However, I am adding ground game data in a separate turnout prediction model, as studies like Enos and Fowler (2016) suggest that ground efforts can increase turnout by as much as 6-7% in heavily targeted areas. For this reason, while I’m excluding ground game from my main model, I recognize its importance for predicting turnout, especially in combination with air war data from the final week of the campaign.
Additional decisions I have made include focusing my predictions on state-level outcomes in the seven swing states, which will then be aggregated to predict the overall Electoral College result. My model will use data from elections after 1964 rather than starting with 1952 or even pre-World War II. Given the changing landscape of election laws, I see this as a way to account for legal consistency is that has changed the electorate over time in the data I have.
Pooled, Unpooled, and Ensembling Notes
In my election prediction model, I plan to use pooled models, which combine data from multiple states and treat them as part of a single system, applying the same coefficients across all states to make predictions. This allows the model to capture correlations across states, meaning if we have more certainty about the result in one state, it can help improve predictions for others. Pooled models are especially useful because they rely on less data from individual states by “drawing strength” from states with more data, leading to more reliable predictions, even in data-sparse regions. Professional election forecasters often use these correlations to update one state’s prediction based on another’s outcome, enhancing the model’s adaptability as new information becomes available. There are also more advanced ways of pooling states together using techniques like clustering, which could improve the model’s ability to group similar states. I will consider these in future weeks.
Additionally, pooling offers the flexibility to combine pooled and unpooled models, or multiple pooled models, through ensembling, which blends different modeling approaches to capture their respective strengths. This allows the model to balance the benefits of pooled predictions with the more state-specific insights from unpooled models. By using appropriate checks on model performance, ensembling helps create a more accurate and balanced prediction by drawing from multiple perspectives. This combination of pooling and ensembling makes for a powerful approach that can improve the overall robustness of the election forecast. Both emsebling and pooled models were used in the models described in the previous sections descrbining my work from past weeks.

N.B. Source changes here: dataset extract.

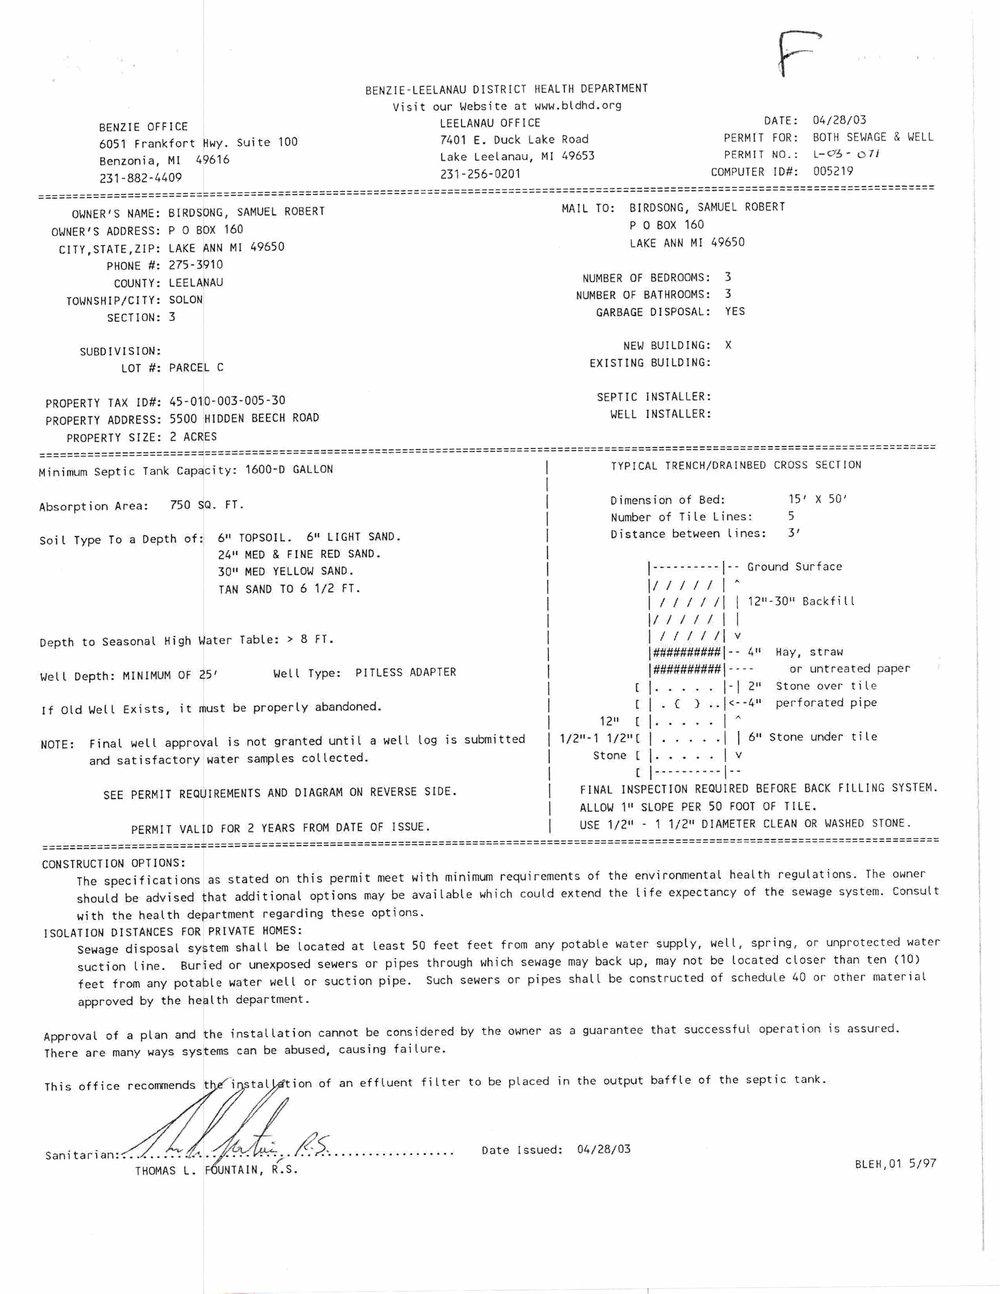 5500 E Hidden Beech, Cedar, MI - For sale by Oltersdorf Realty LLC - Marketing Packet (18).jpg

Adjusting Turnout Predictions
In the future, I plan to implement a more refined model to better predict voter turnout, addressing the lingering challenges caused by the unpredictability of COVID-19 and the widespread adoption of mail-in voting. These factors have created lasting shocks to turnout patterns that make forecasting difficult, and it’s clear from watching forecasts like FiveThirtyEight and The Economist that this unpredictability needs special handling. My approach will be to build probabilistic models that simulate fluctuations in turnout rather than using a fixed, static number for each state’s voter pool. For example, instead of setting each state’s maximum number of Binomial draws to the Voting Eligible Population (VEP) as I will do in the binomial simulations model below, I’ll draw a random number from a distribution based on VEP, while factoring in expected effects from vote-by-mail, early voting, and other dynamics. Additionally, this model will incorporate key variables such as demographics, ground game data, and air war data, all of which can have strong turnout effects. This approach will allow the model to adapt more flexibly to changes in voter behavior and the varying effectiveness of campaign strategies across states.
Binomial Simulations Model
My new model for this week will be binomial simulations. Whereas the linear regression model simulations may have values that do not add to 100%, this type of model addresses that.
Pennsylvania
| Percentile | Margin (R - D) | |
|---|---|---|
| 10% | 10th Percentile | -14.33 |
| 50% | Median | -3.56 |
| 90% | 90th Percentile | 7.31 |
Interpreting the simulated distributions, the blue density curve represents the distribution of simulated vote shares for Democrats. Since the peak of the blue curve is shifted more to the right than the red curve for the Republicans, that suggests that the Democratic vote share is predicted to be higher in more simulations. The fact that the curves are equally wide and tall implies that both parties face similar levels of uncertainty or variability in their predicted vote shares, but the model slightly favors Democrats in terms of likely outcomes. There is substantial overlap between the blue and red curves, meaning the model predicts a close race with both parties having a significant chance of securing similar vote shares. Note that this curve is only for the popular vote share outcome in Pennsylvania.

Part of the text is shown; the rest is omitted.